* [TRY IT]: Output exactly, and only, the lines below from the one with "Osprey Mk II" down to the one with "Craftsman 917.289362 owner". Include both end lines and no pictures.

* [INFORMATION GIVEN]:
[Start of section]
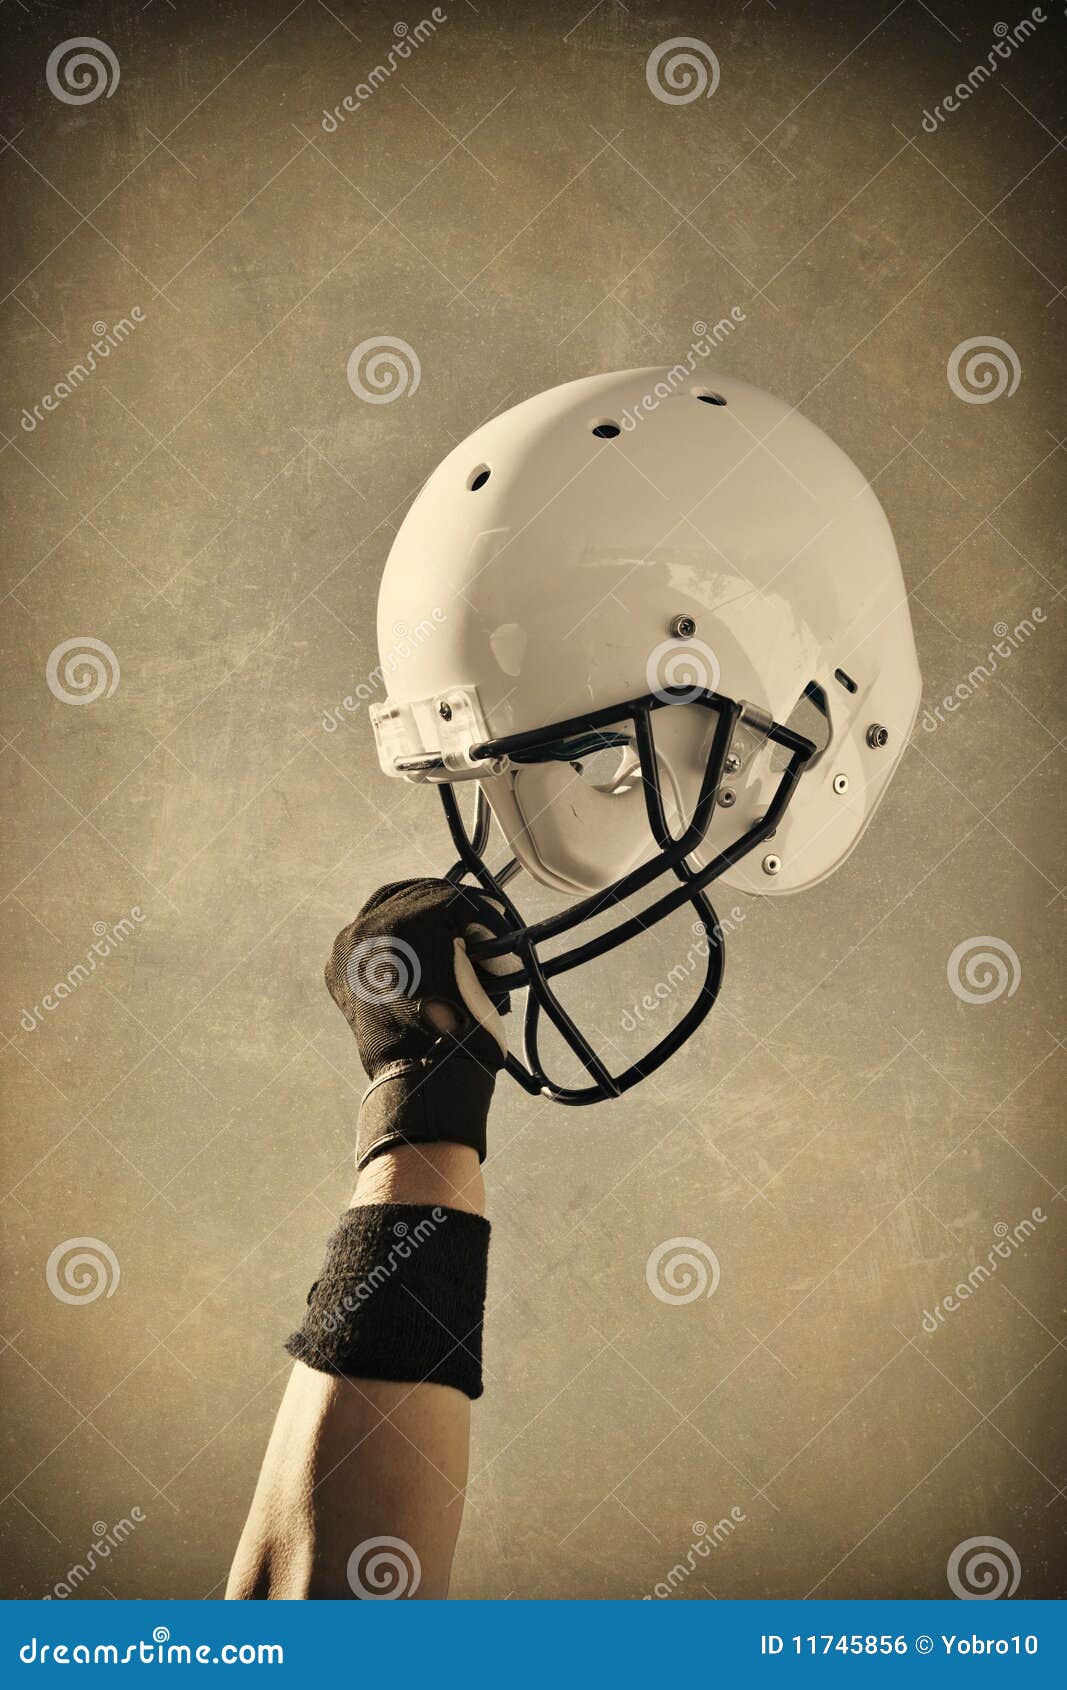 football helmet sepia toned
[End of section]
[Start of section]
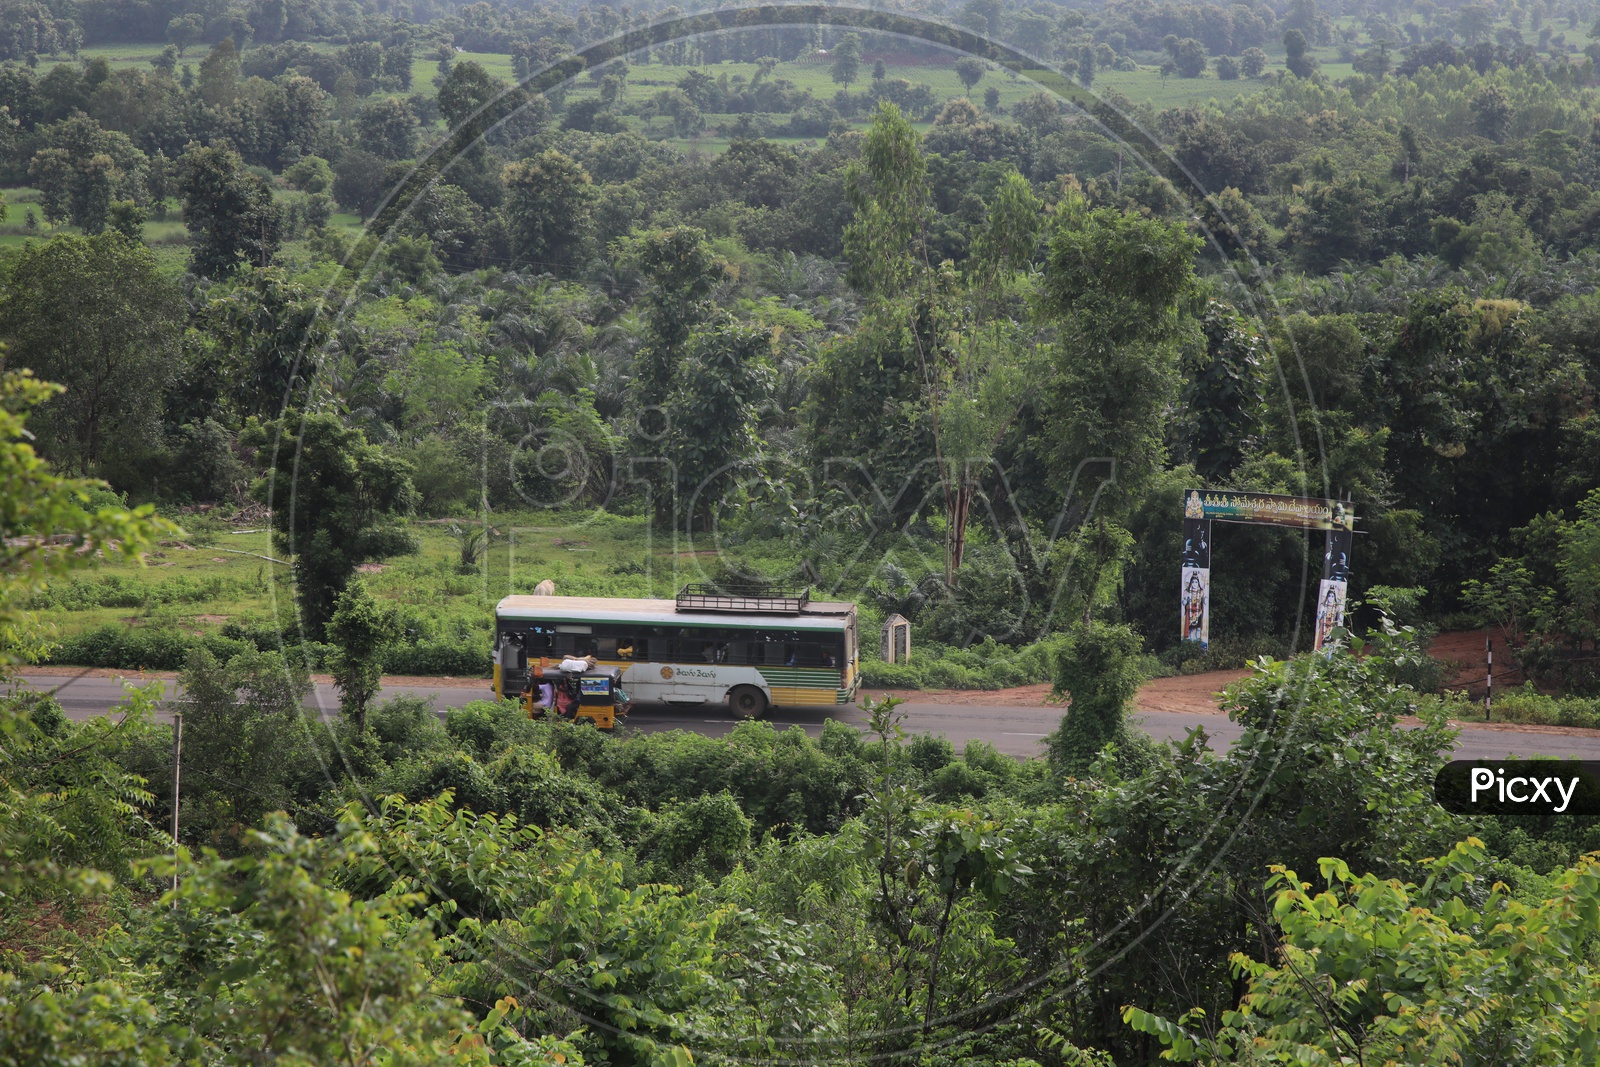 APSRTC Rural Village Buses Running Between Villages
[End of section]
[Start of section]
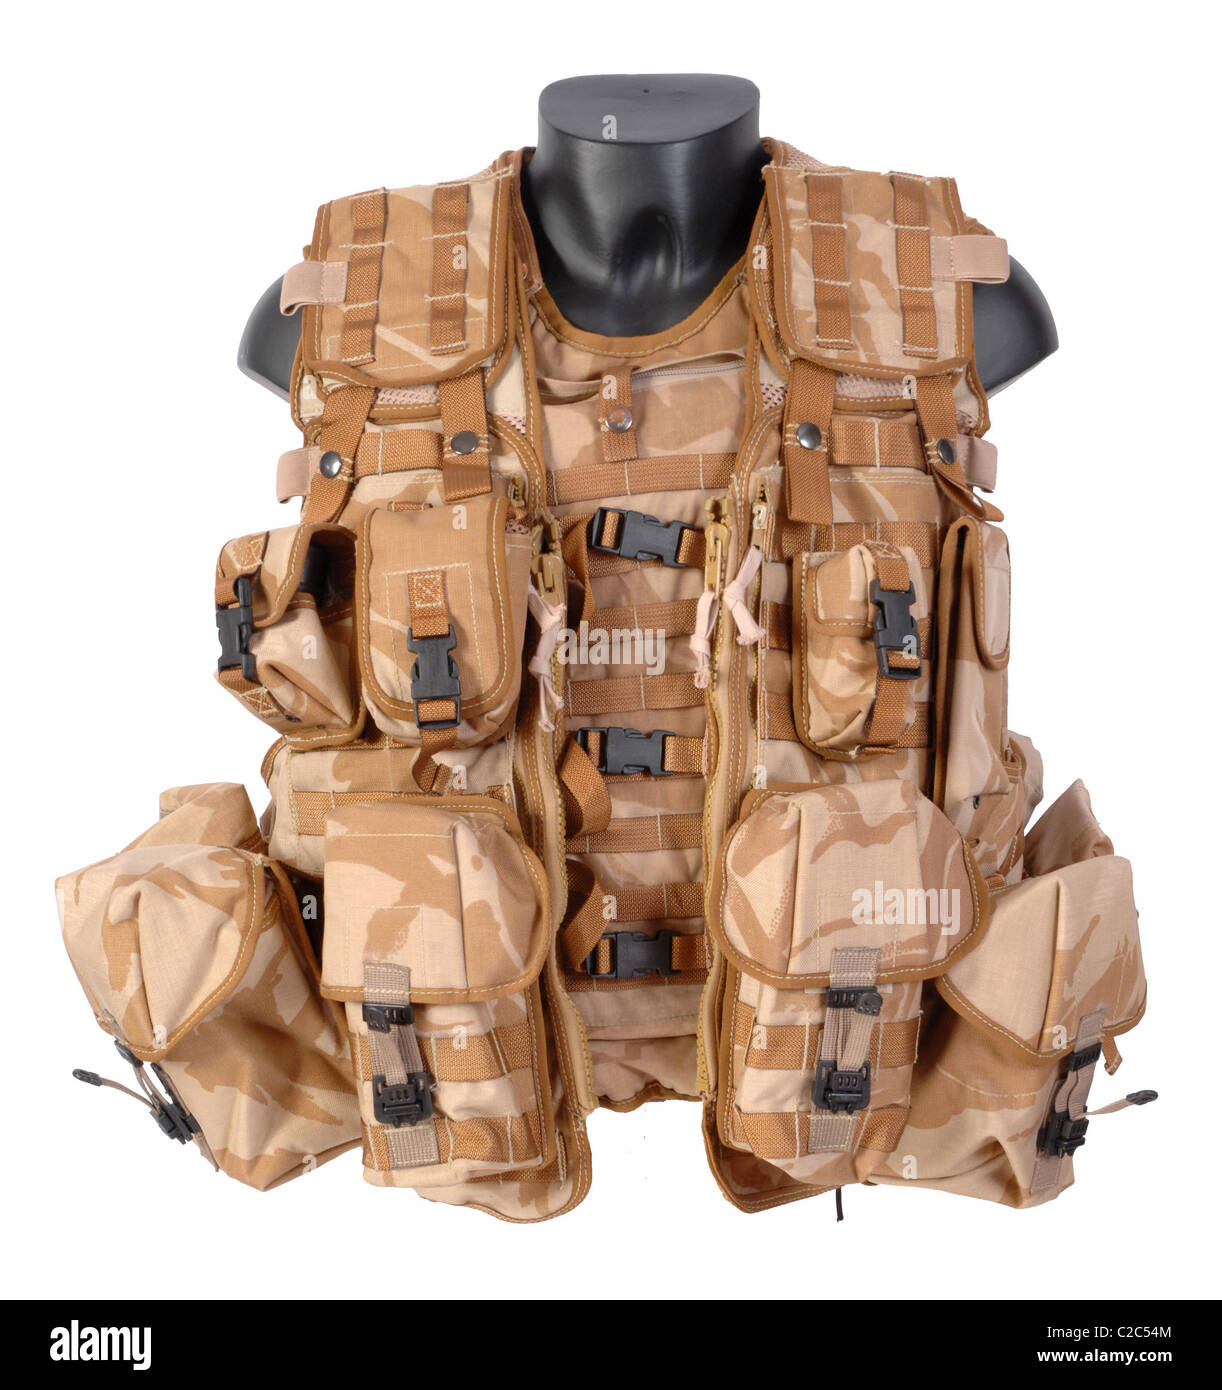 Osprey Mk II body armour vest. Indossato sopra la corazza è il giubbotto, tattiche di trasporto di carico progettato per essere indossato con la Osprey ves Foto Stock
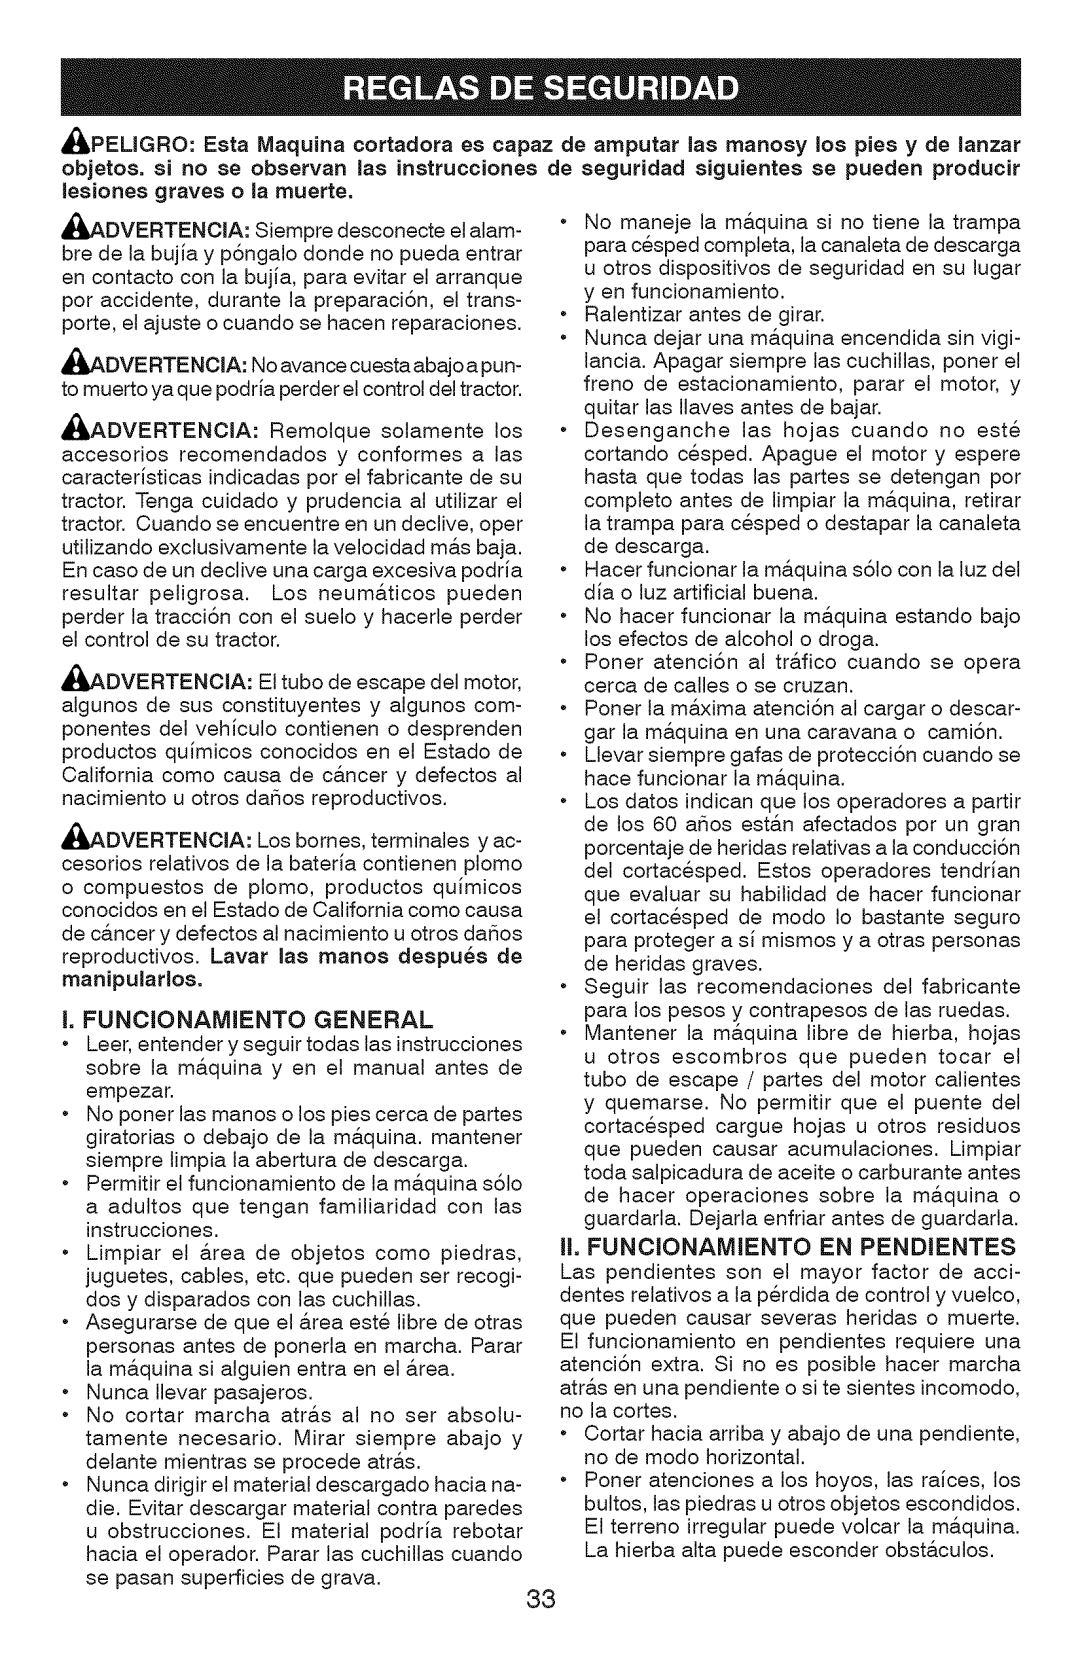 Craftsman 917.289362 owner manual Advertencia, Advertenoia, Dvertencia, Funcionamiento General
[End of section]
* [RESPONSE AREA]:
 Osprey Mk II body armour vest. Indossato sopra la corazza è il giubbotto, tattiche di trasporto di carico progettato per essere indossato con la Osprey ves Foto Stock
 Craftsman 917.289362 owner manual Advertencia, Advertenoia, Dvertencia, Funcionamiento General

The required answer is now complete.